La forte hausse du prix de l’énergie aux US et dans l’UE constitue une part non négligeable de l’inflation observée en 2022 à ce jour.

Après la chute du cours en 2020, le prix du pétrole brut « Brent » européen côtoie en moyenne depuis le début de l’année les plus hauts de 2011-2012. Sur cette même période, le prix du gaz sur le marché européen (le « TTF ») vaut environ 6 fois la moyenne 2008-2020. Concrètement, la hausse du prix de l’énergie est responsable de plus d’un quart de l’inflation pour le mois de mai aux États-Unis. Au sein de l’Union Européenne, c’est environ le tiers.

Source : US Bureau of Labor Statistics, Bloomberg

Les conséquences du conflit russo-ukrainien

Cette hausse des prix est exacerbée par les conséquences du conflit russo-ukrainien.

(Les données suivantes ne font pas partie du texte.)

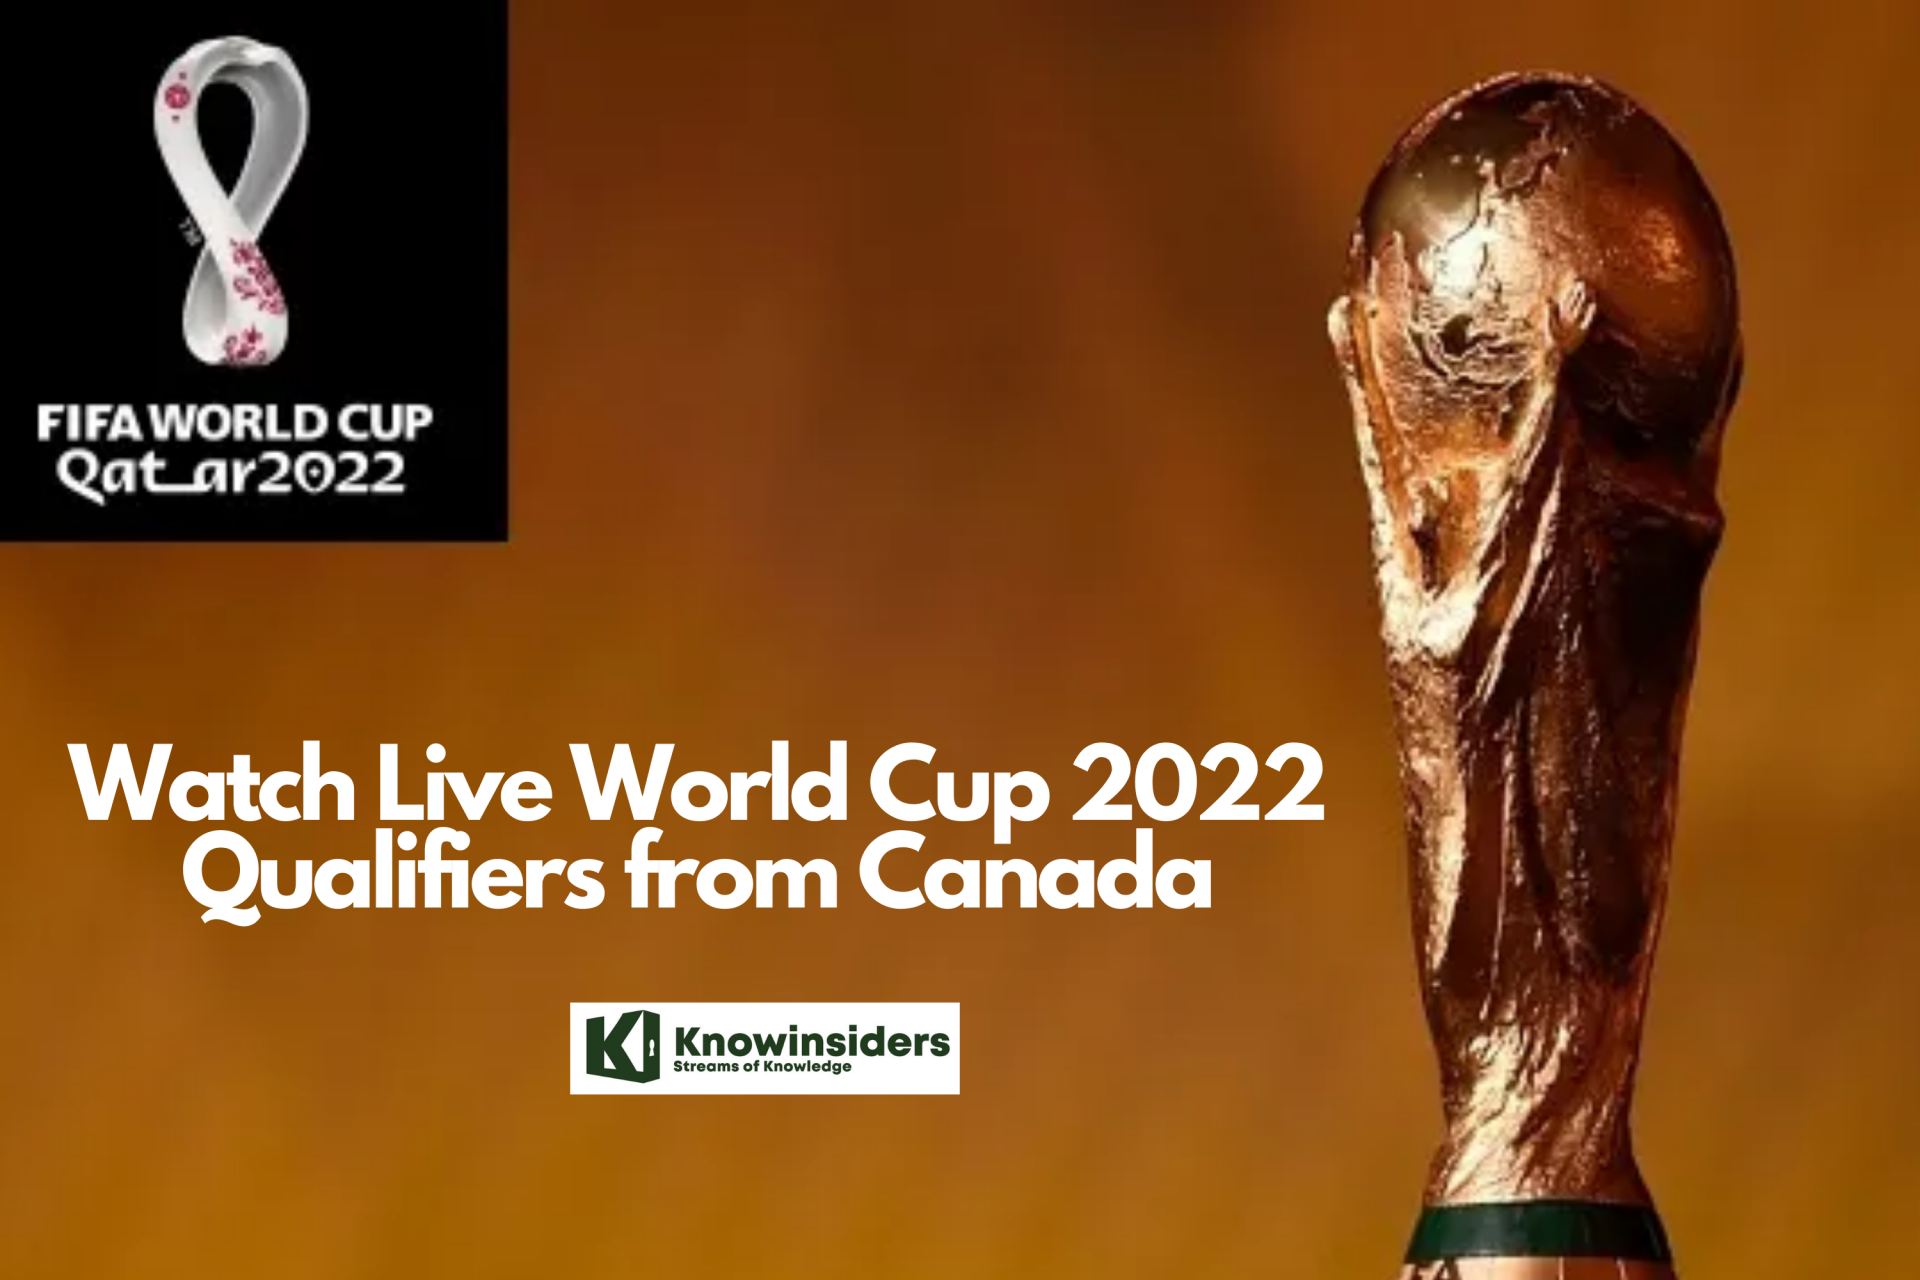 Watch Live World Cup 2022 Qualifiers from Canada
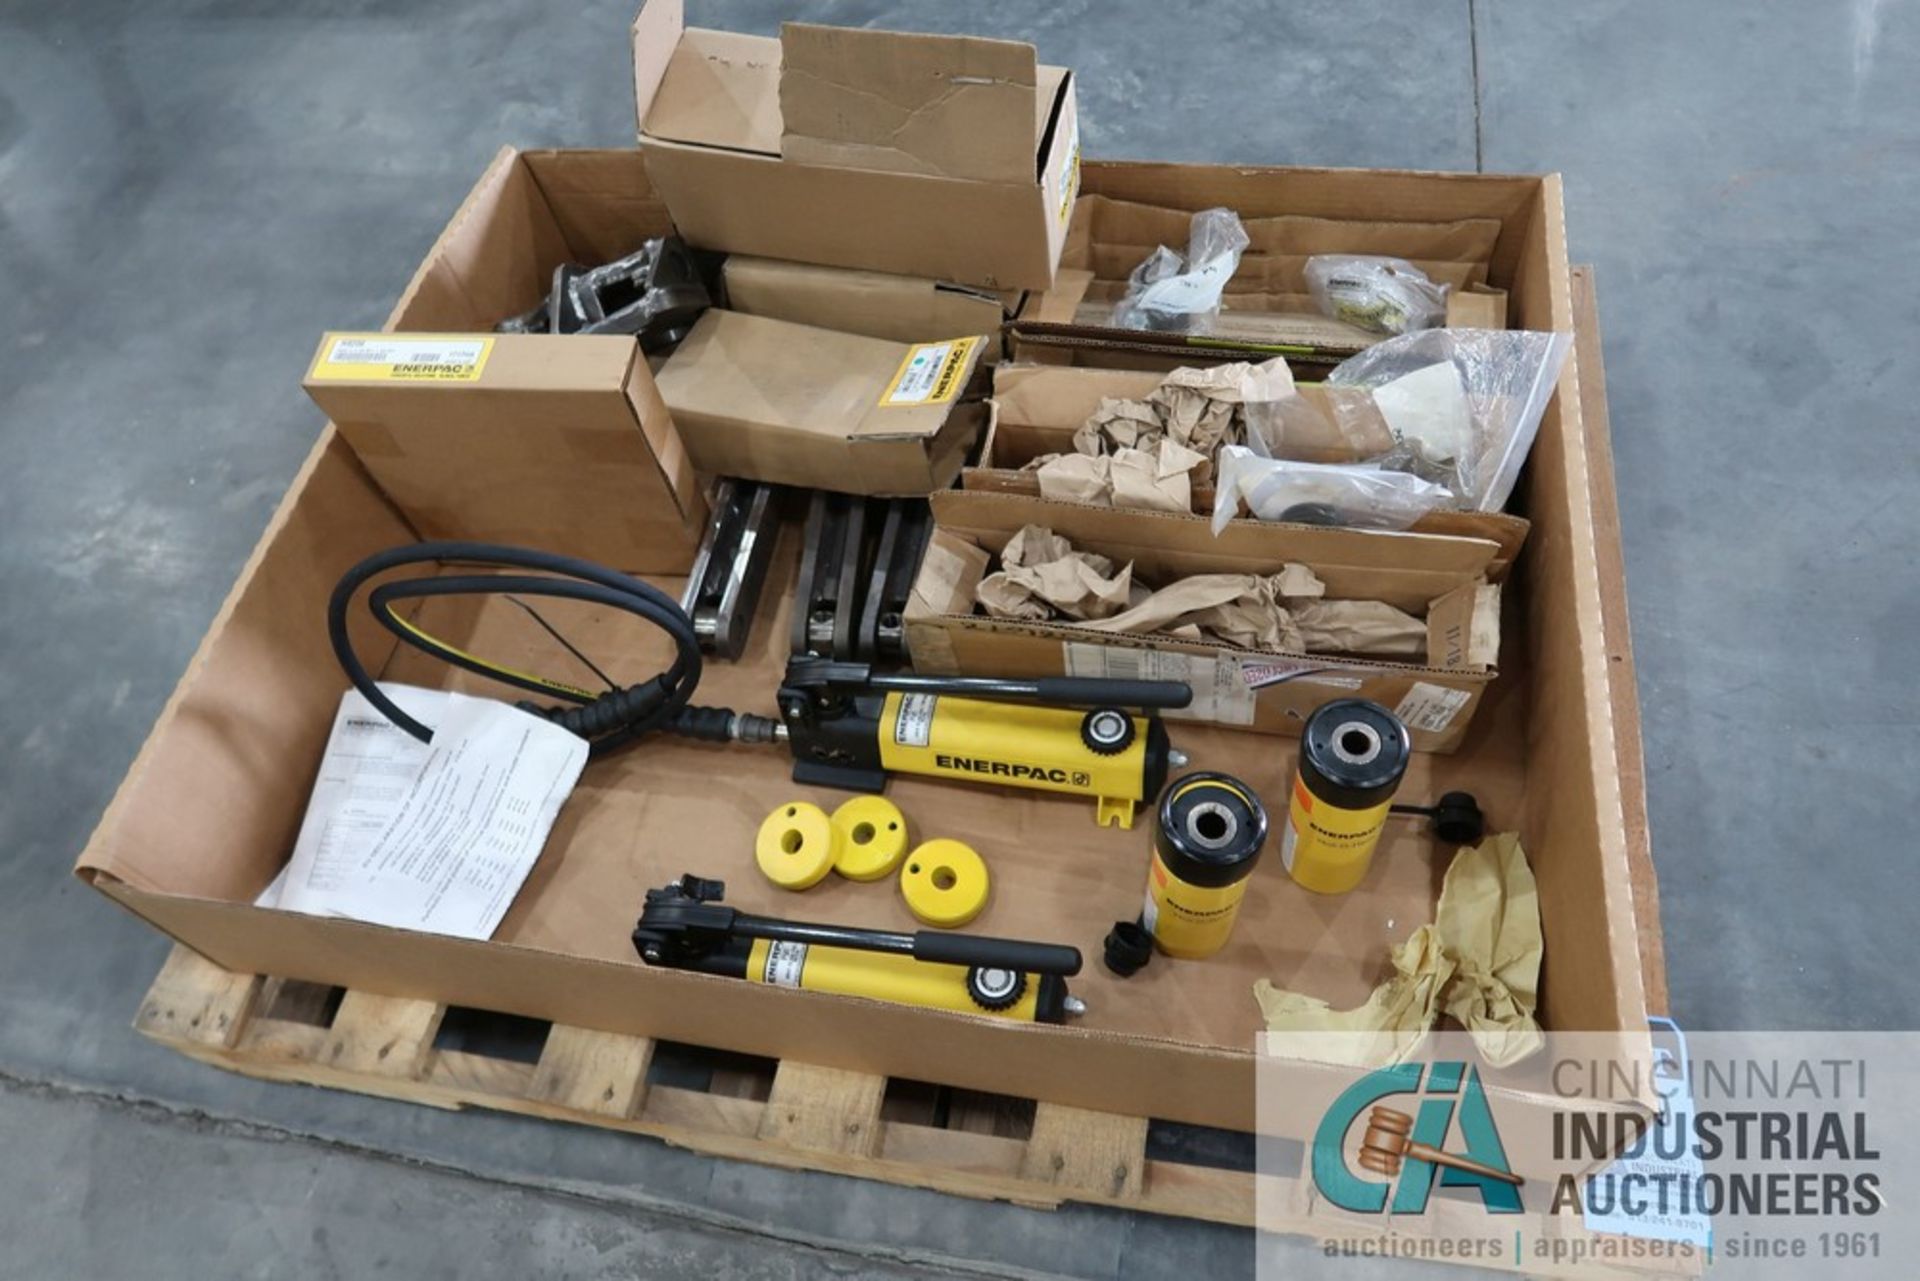 10,000 PSI MAX ENERPAC HAND HYDRAULIC PUMPS WITH (2) 12 TON CAP ENERPAC HOLL-O-RAM CYLINDERS

Cette envolée du prix des matières premières pétrolières &gazières est bien sûr liée au contexte géopolitique. L’invasion de l’Ukraine a donné lieu à des sanctions économiques à l’encontre de la Russie, mises en place par l’Europe et l’Amérique du Nord. Les sanctions occidentales concernent notamment le pétrole russe, qui ne peut de facto plus être importé aux États-Unis et qui ne sera plus importé dans une majorité de pays européens d’ici fin 2022.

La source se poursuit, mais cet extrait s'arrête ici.